Move forward a couple of decades and we've got the Saudi sheep deal which is painting Foreign Minister Murray McCully as the black sheep, scheming with a Saudi businessman to get a free trade deal with the Gulf States across the line.

Our public watchdog the Auditor General's now casting her eye over the details of McCully's machinations, which saw a model Kiwi farm set up in the Saudi Arabian desert and stocked with pregnant ewes, along with a four million dollar sweetener on top for the businessman who was cross about his live-sheep-for-slaughter trade being axed.

The blowtorch has been trained on Teflon John Key who's been forced to take the heat because McCully's been out of the country virtually ever since the issue blew up.
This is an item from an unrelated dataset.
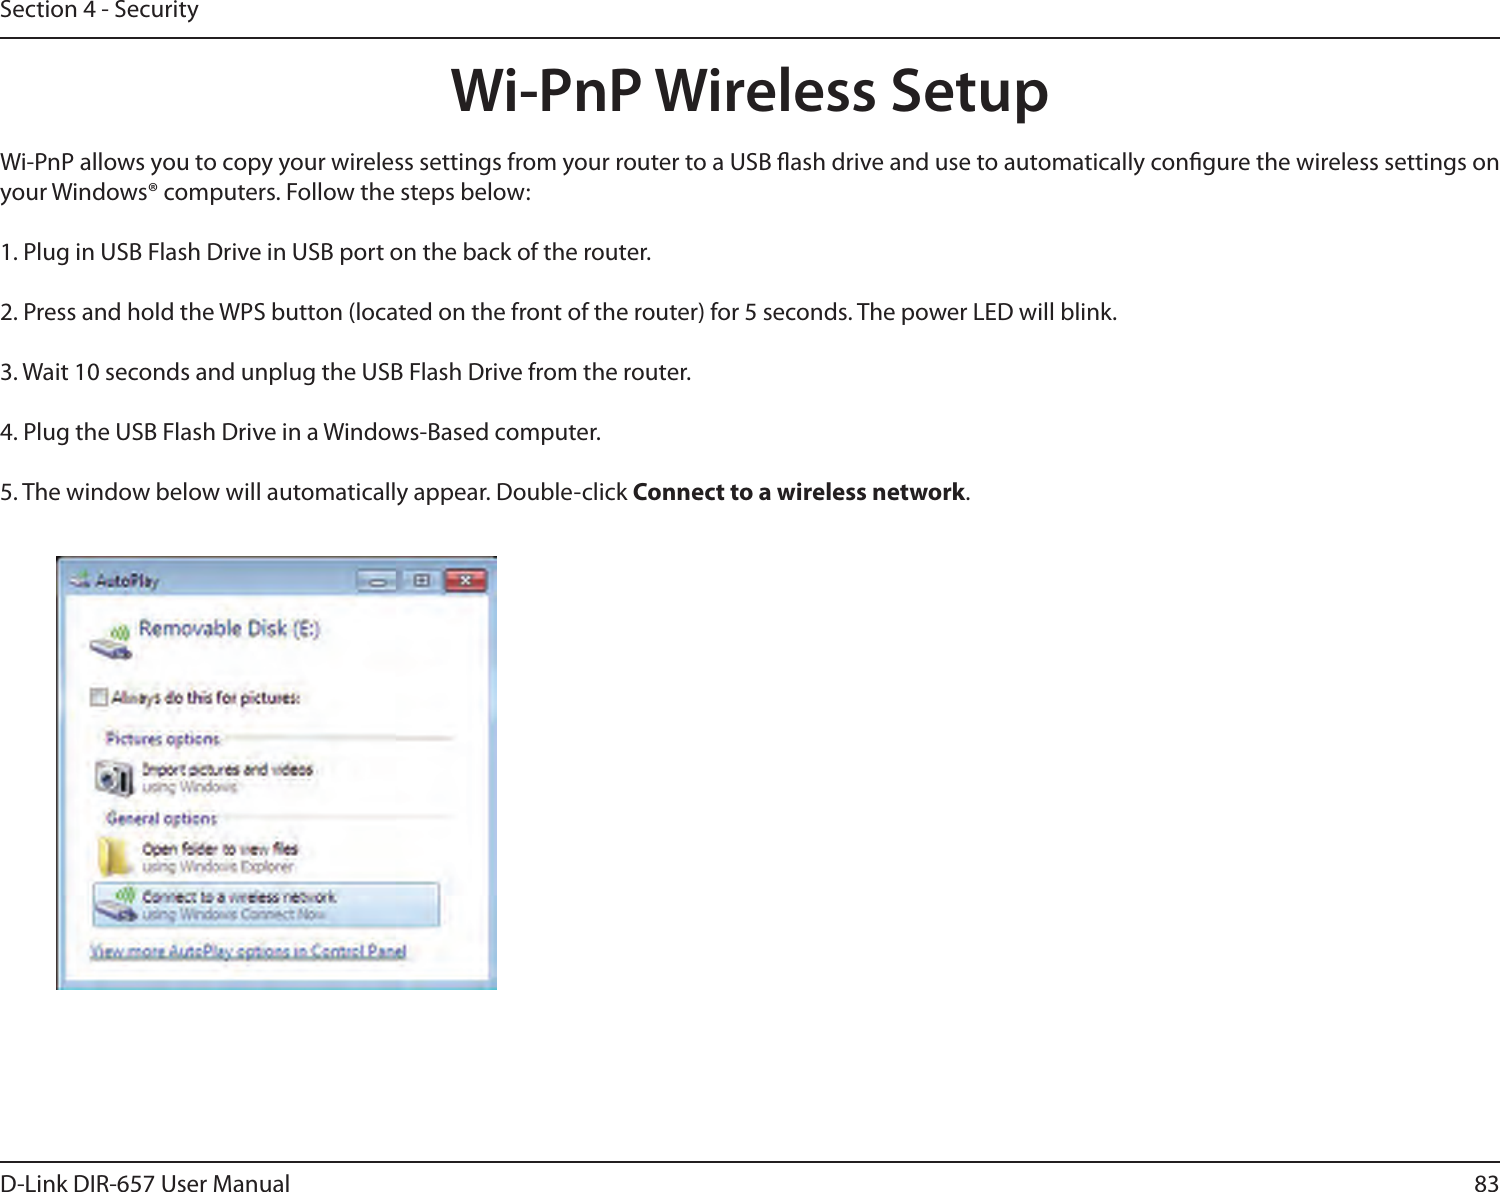 83D-Link DIR-657 User ManualSection 4 - SecurityWi-PnP Wireless SetupWi-PnP allows you to copy your wireless settings from your router to a USB ash drive and use to automatically congure the wireless settings on your Windows® computers. Follow the steps below:1. Plug in USB Flash Drive in USB port on the back of the router.2. Press and hold the WPS button (located on the front of the router) for 5 seconds. The power LED will blink.3. Wait 10 seconds and unplug the USB Flash Drive from the router.4. Plug the USB Flash Drive in a Windows-Based computer. 5. The window below will automatically appear. Double-click Connect to a wireless network.

To cloud the issue, which Key has wrongly insisted was entirely Labour's fault, the Beehive tried the death by a thousand pages trick a couple of weeks ago, dumping documents that few had the time to read in detail, although a lot of that was blacked out anyway.

Labour's been beavering away in the small print and seems to have proven the Beehive's breached its own rules by involving people in making decisions on the Saudi farm deal that they went on to benefit from, while at the same time cutting out competition.

Unfortunately, it's the way of doing business by a few that could end up jeopardising business being done by many in the wider Gulf region!